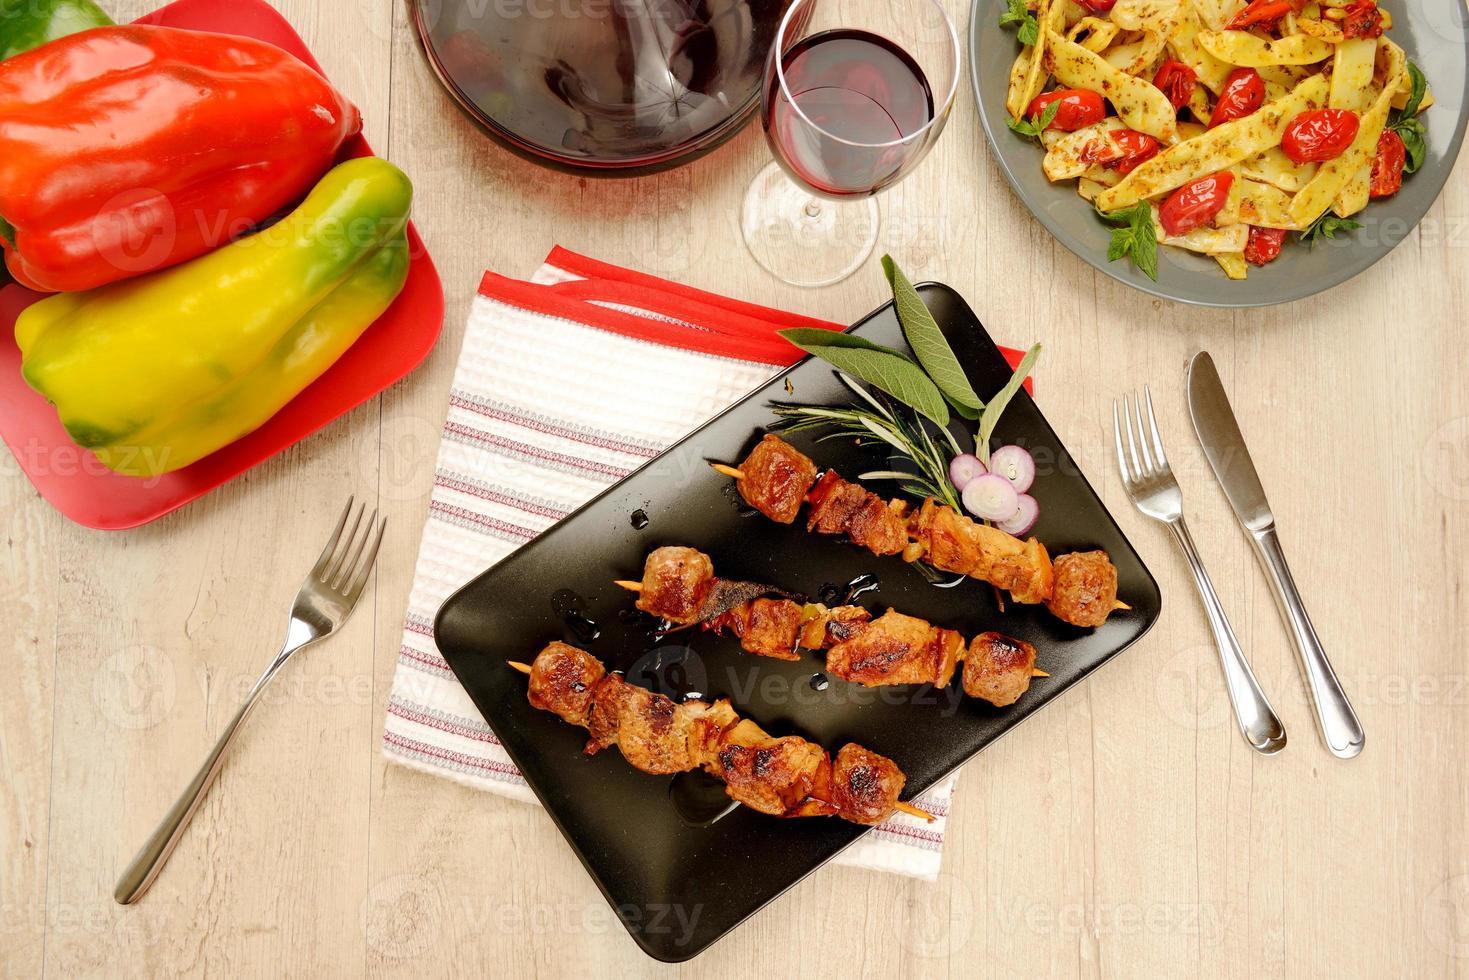 brochetas de carne cocidas listas para comer foto
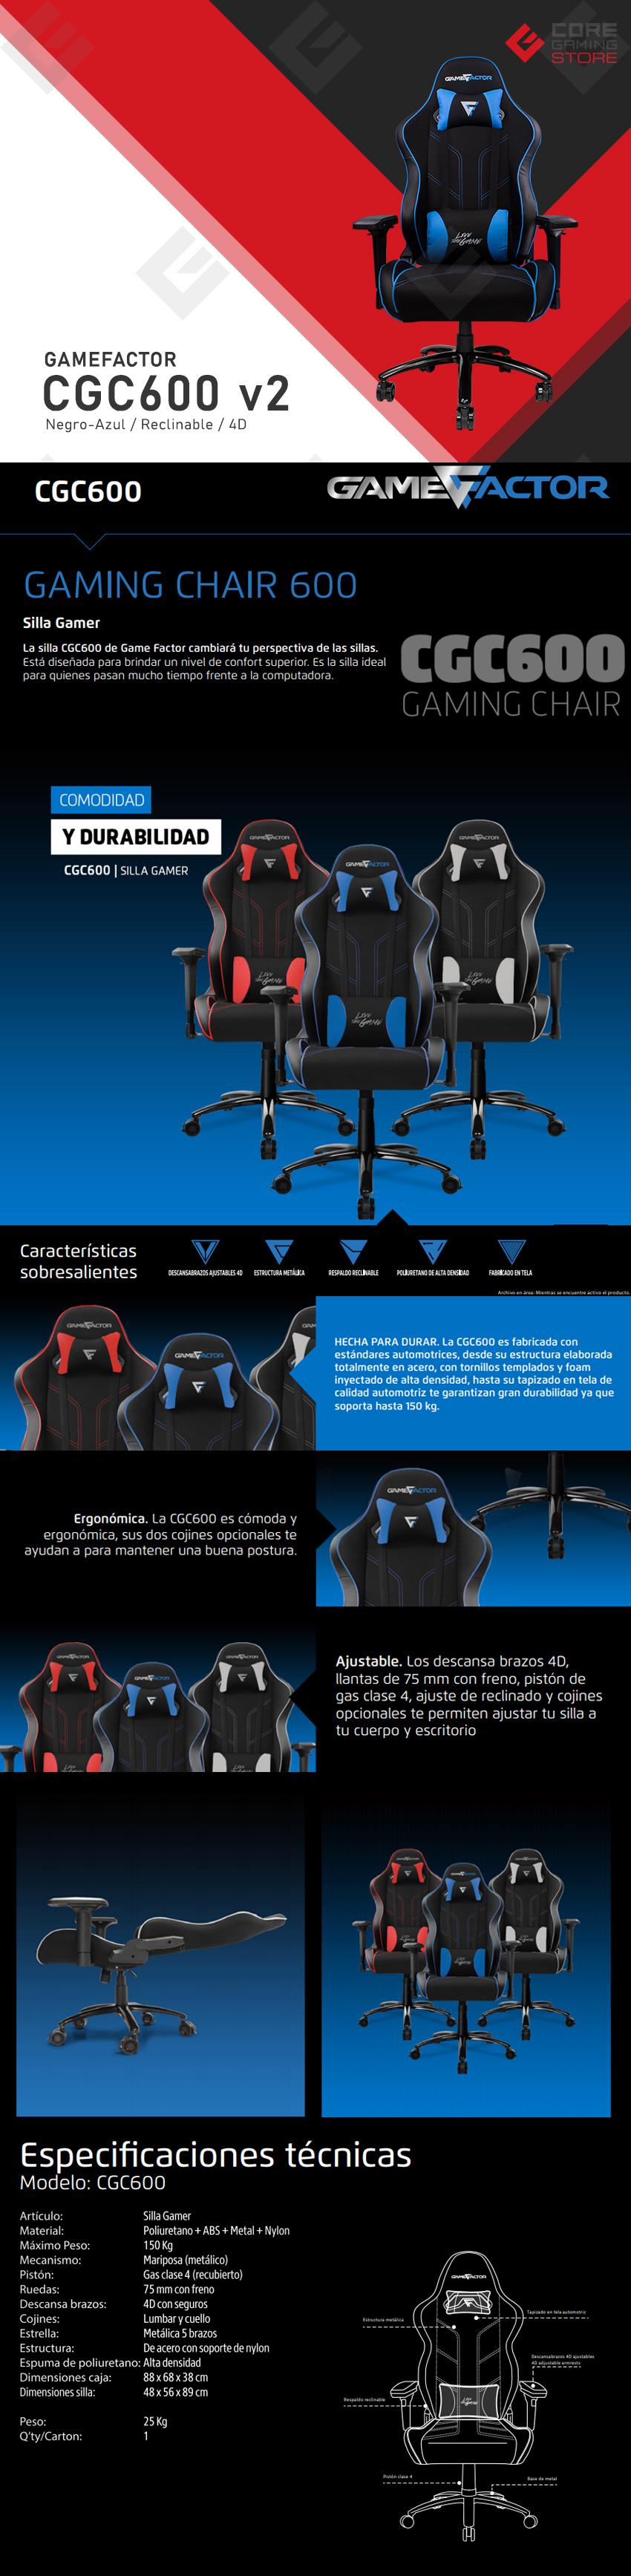 Silla Gamer GameFactor CGC600 v2, Negro/Azul, Reclinable, 4D, 150Kg, CGC600-BL
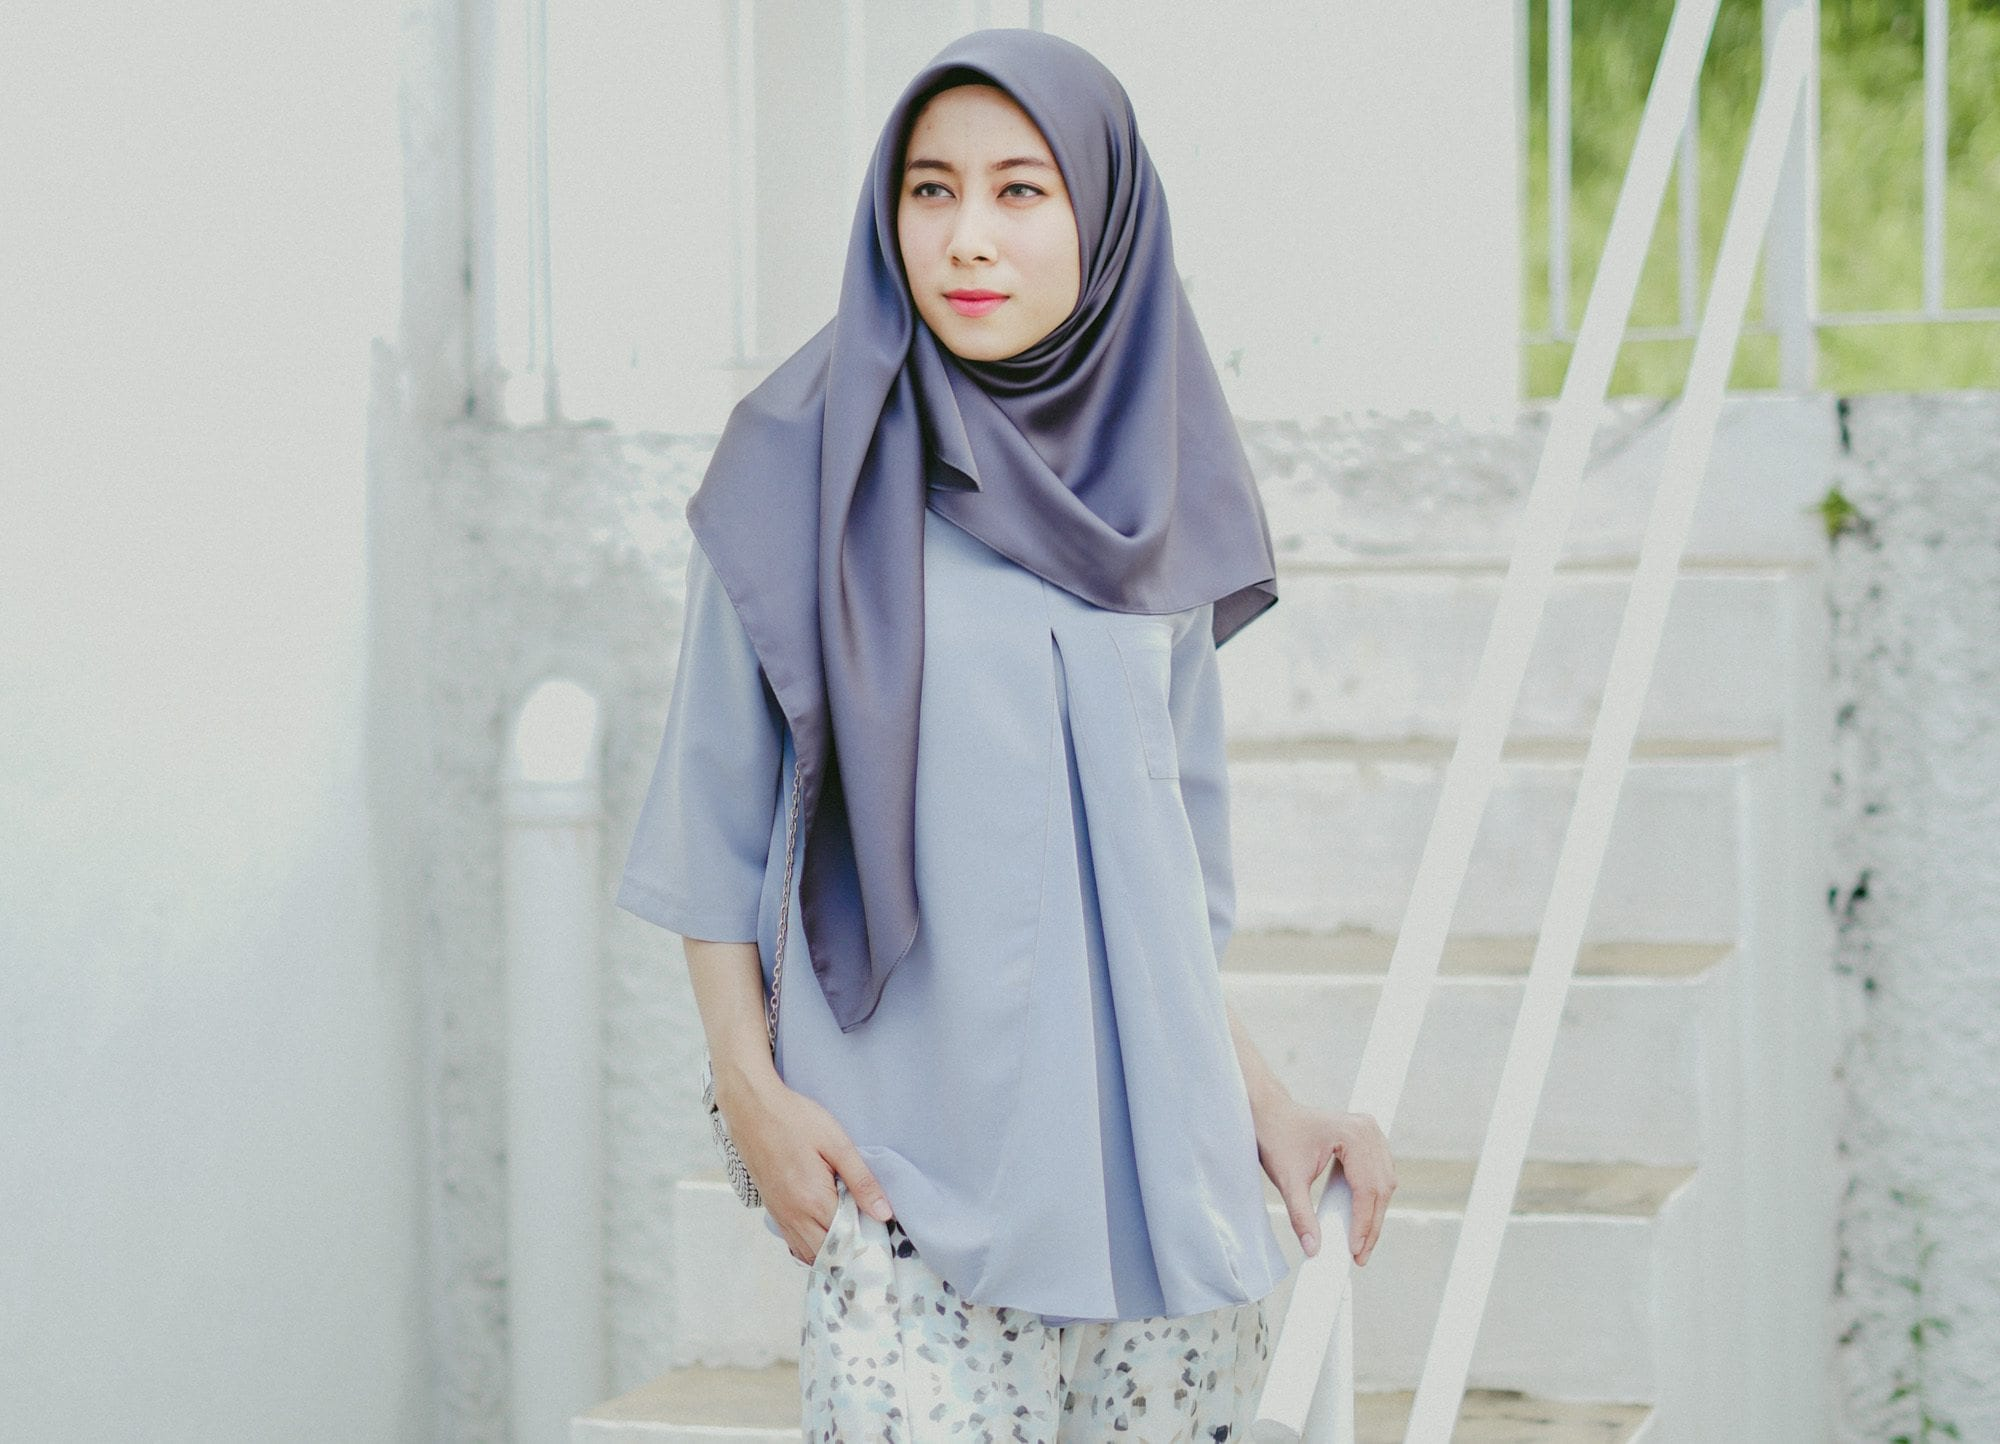 Tutorial Gaya Hijab Untuk Wajah Bulat Yang Simpel Dan 5 Variasinya

[Exercise]:
Would you restate word for word only the lines from the line with "Silla Gamer GameFactor" to the last line above, with the pictures left out?

[Answer area]:
 Silla Gamer GameFactor CGC600 v2, Negro/Azul, Reclinable, 4D, 150Kg, CGC600-BL
 Tutorial Gaya Hijab Untuk Wajah Bulat Yang Simpel Dan 5 Variasinya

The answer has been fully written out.